The week’s biggest winner was President George W. Bush, and his consolidation of power in Washington means a lot for investors, Geoff Colvin said at the top of the program.

"Trouble is, no one is sure exactly what," he said. "A big tax cut? A little one? No more taxes on dividends? Higher limits on 401(k) contributions? They’re all possible."

Geoff said that the week’s biggest loser, aside from several Democratic candidates, was surely SEC Chairman Harvey Pitt, who tried to leave town without anyone noticing by announcing his resignation at 9 p.m. on election night -- but it was still front-page news around the world. And the sad fact is, it was good news for virtually everyone but him, Geoff said. President Bush will have an easy time getting a replacement approved by Congress, but may have a hard time finding a qualified candidate willing to take this white-hot assignment.

In all the week’s big news, it was easy to miss a new report from former U.S. attorney general Richard Thornburgh, the bankruptcy court examiner in the WorldCom case.
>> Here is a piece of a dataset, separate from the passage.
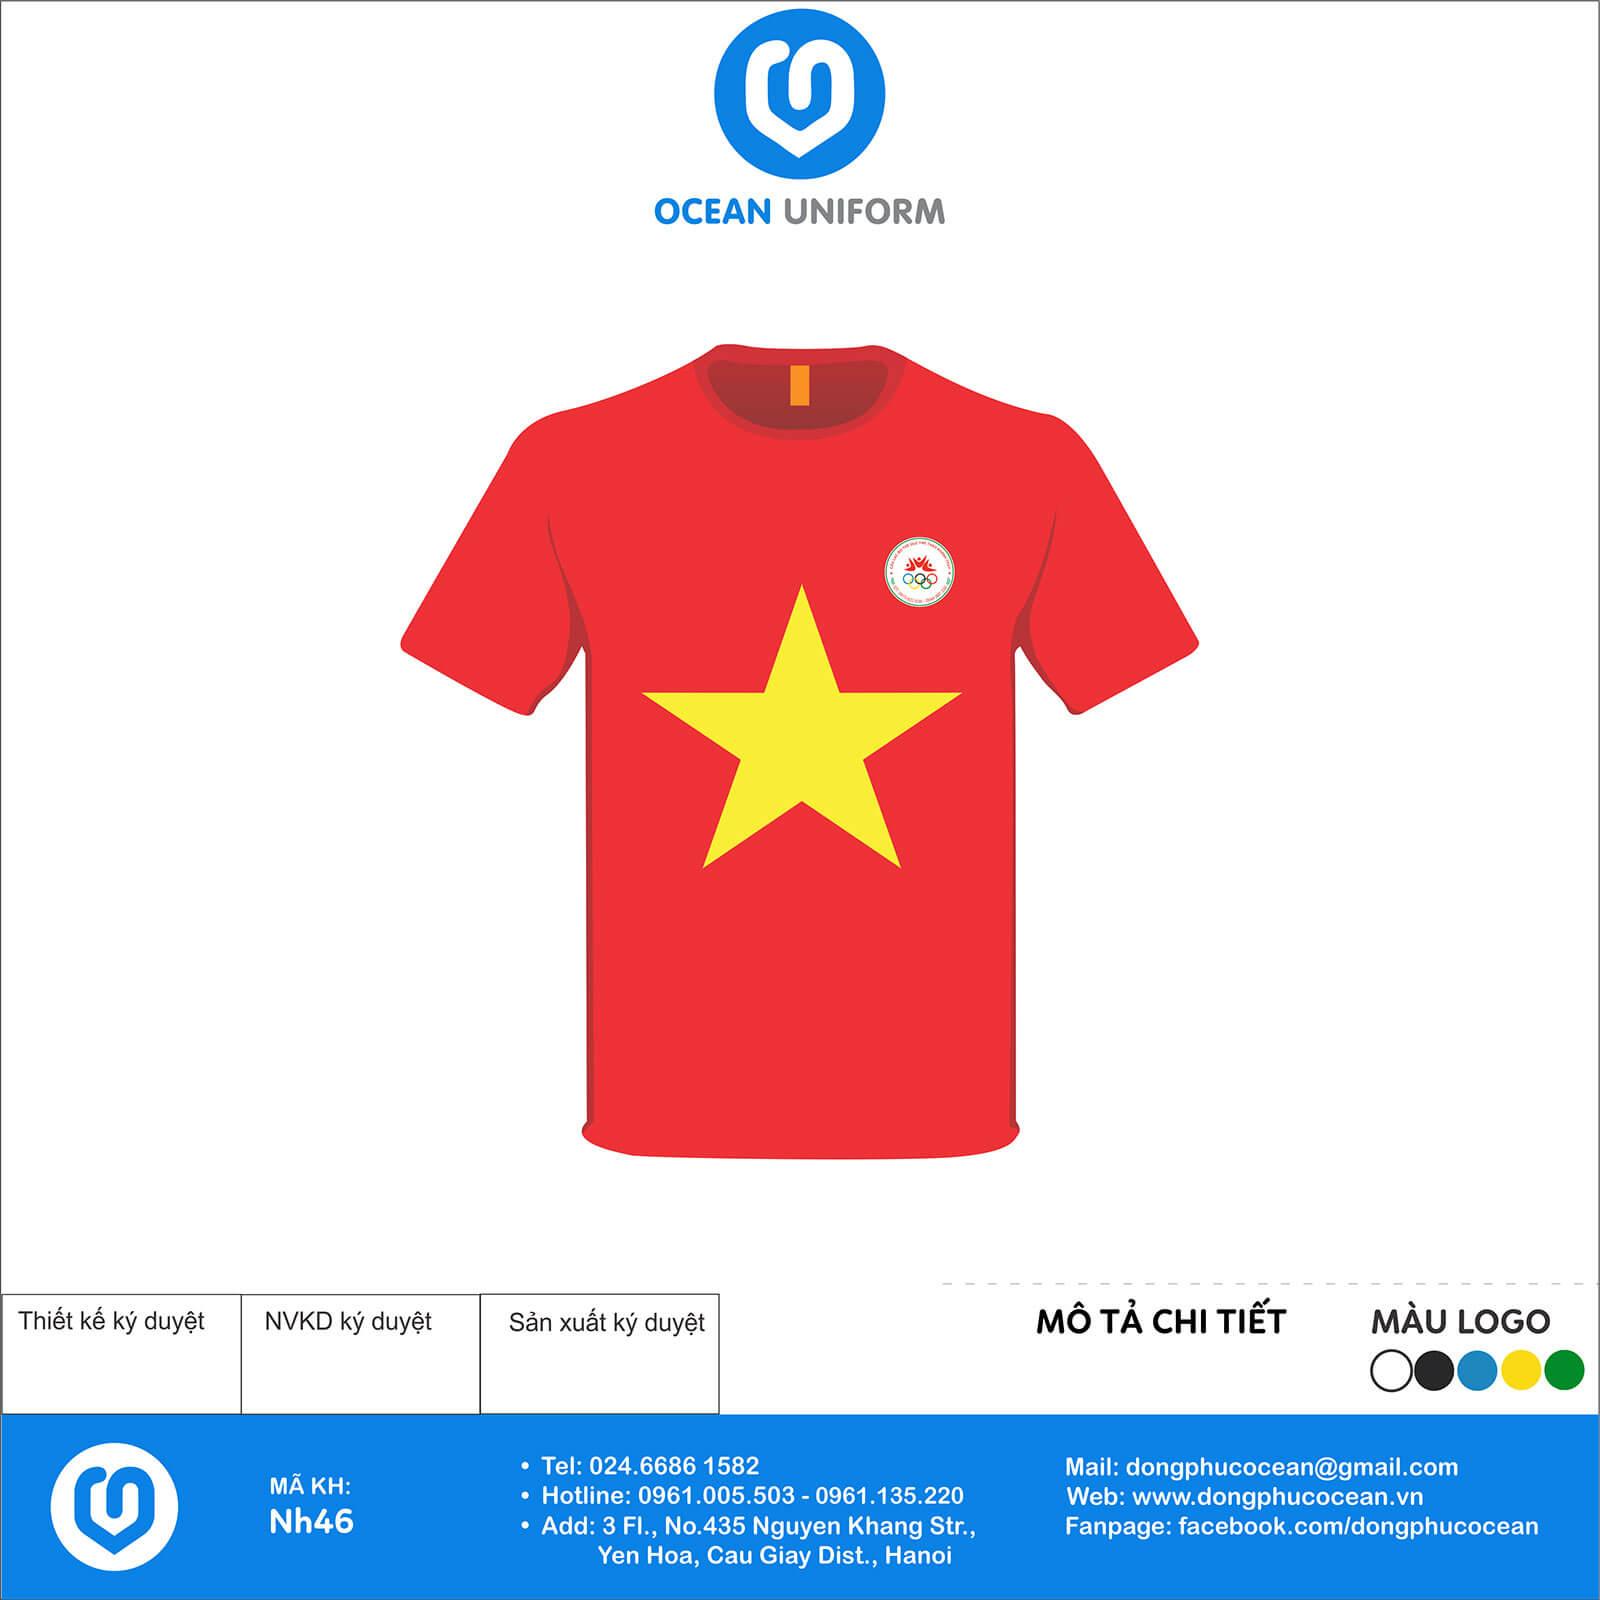 Đồng phục áo phông quảng cáo, sự kiện NH46

But read it, and only one thought comes to mind: Have They No Shame?

The report tells how WorldCom under CEO Bernard Ebbers would routinely look at its financial results each quarter, compare them with what the company had promised Wall Street, and then simply cook the books to fit the promises through accounting the report calls "brazen and fraudulent." And if you think that’s bad, the report says tantalizingly, there’s much, much more yet to be told. We can hardly wait.

Karen's market insight

Wall Street didn't have much time to celebrate the Republican victory in Congress, as saber-rattling and profit warnings reclaimed center stage, Karen Gibbs said.

The UN Security Council's unanimous approval of a new resolution against Iraq brought the United States closer to war and renewed the argument of bonds versus stocks. The yield on 10-year U.S. Treasury notes fell to its lowest level since Oct. 14.
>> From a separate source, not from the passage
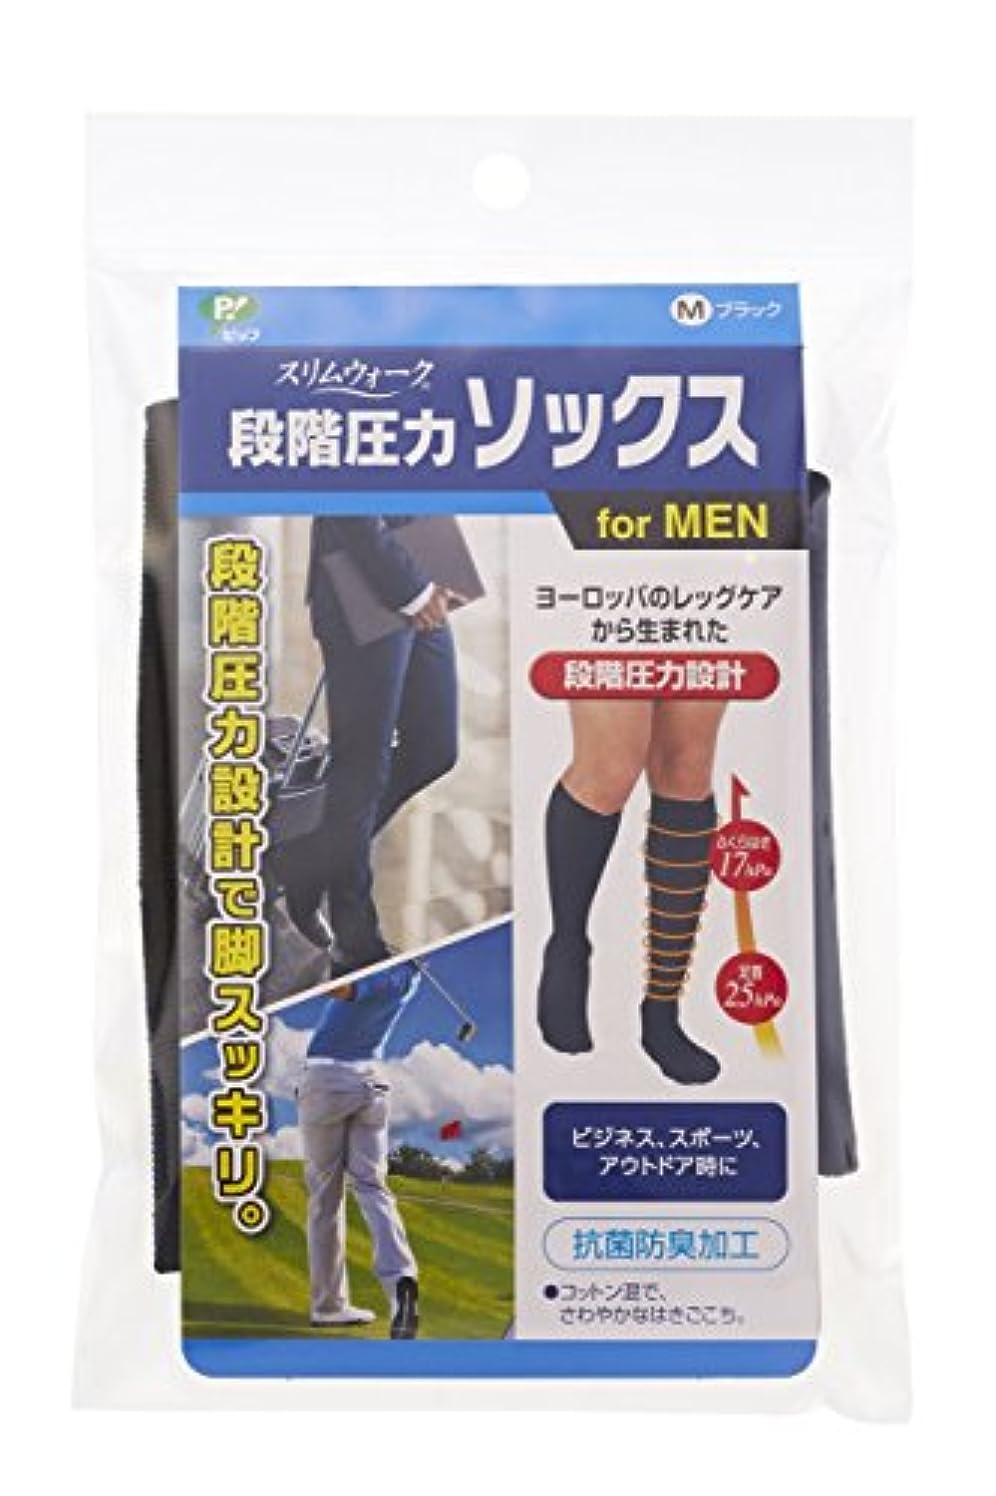 ガジュマル山積みのシードピップ スリムウォーク 段階圧力 ソックス ブラック M(SLIM WALK,socks for men,M) 着圧 ソックス

A profit warning from from Dow Jones Industrial Average component McDonald's took the wind out of blue chips' sails. The Dow posted a modest gain of 19 points for the week.
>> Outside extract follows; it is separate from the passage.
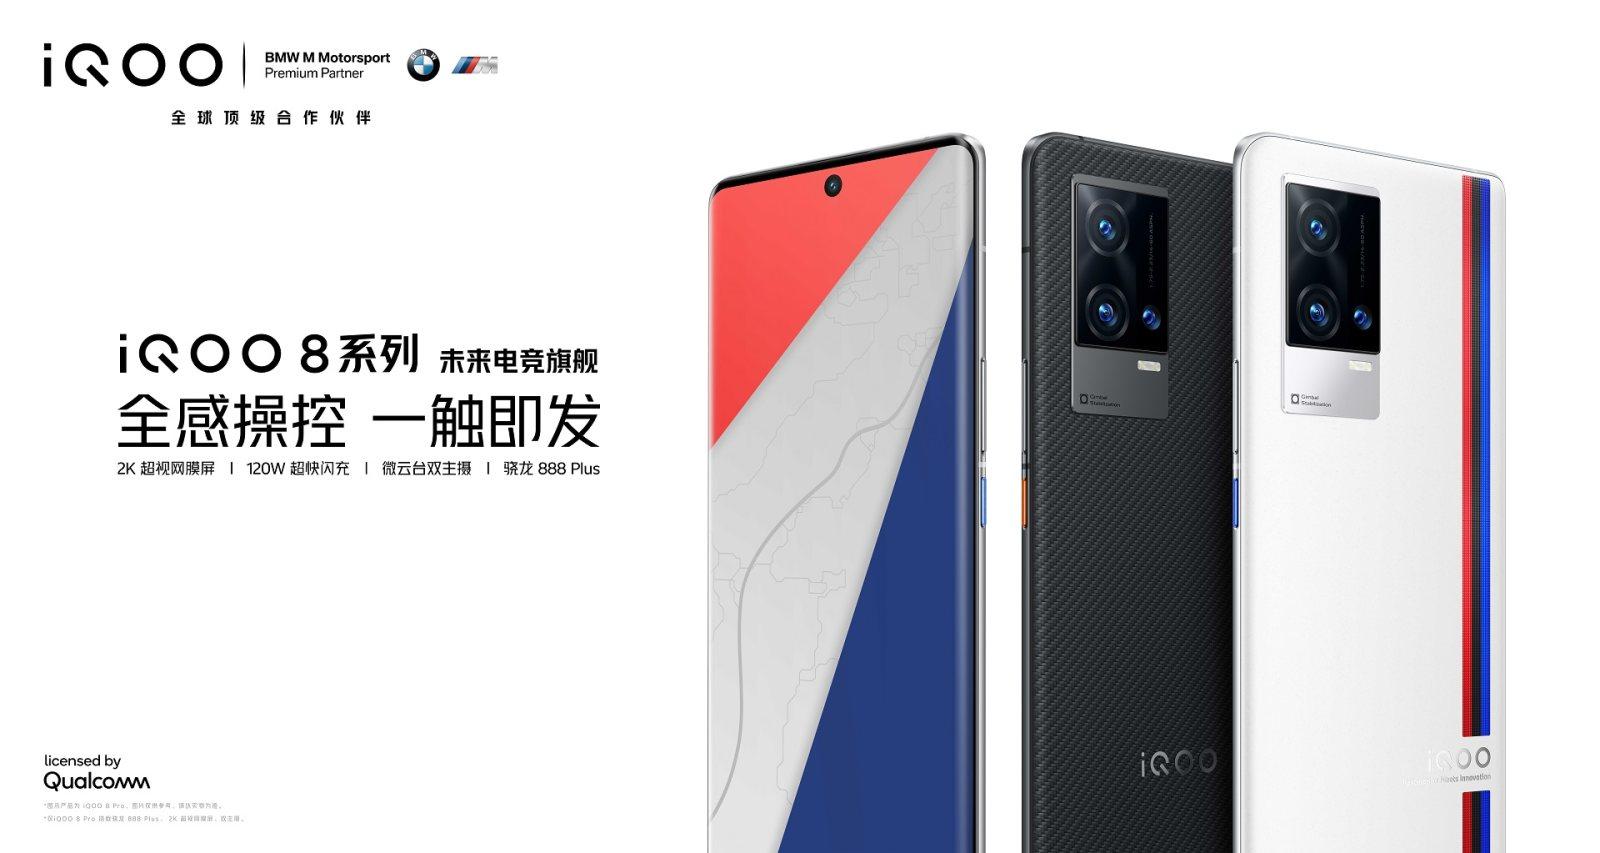 搭载晓龙888 Plus!iQOO 8 Pro正式公布

And a gloomy outlook from networking giant Cisco Systems derailed the recent rally of the Nasdaq Composite Index, which ended the week 1.5 points lower.

Broader markets succumbed to light profit-taking, with the S&P 500 down more than 6 points for the week. The Wilshire 5000 shed more than 63 points for the week.

Even the Morningstar style boxes showed across the board weakness, with every investing style losing ground, despite aggresive monetary easing this week by the Federal Reserve Open Market Committee.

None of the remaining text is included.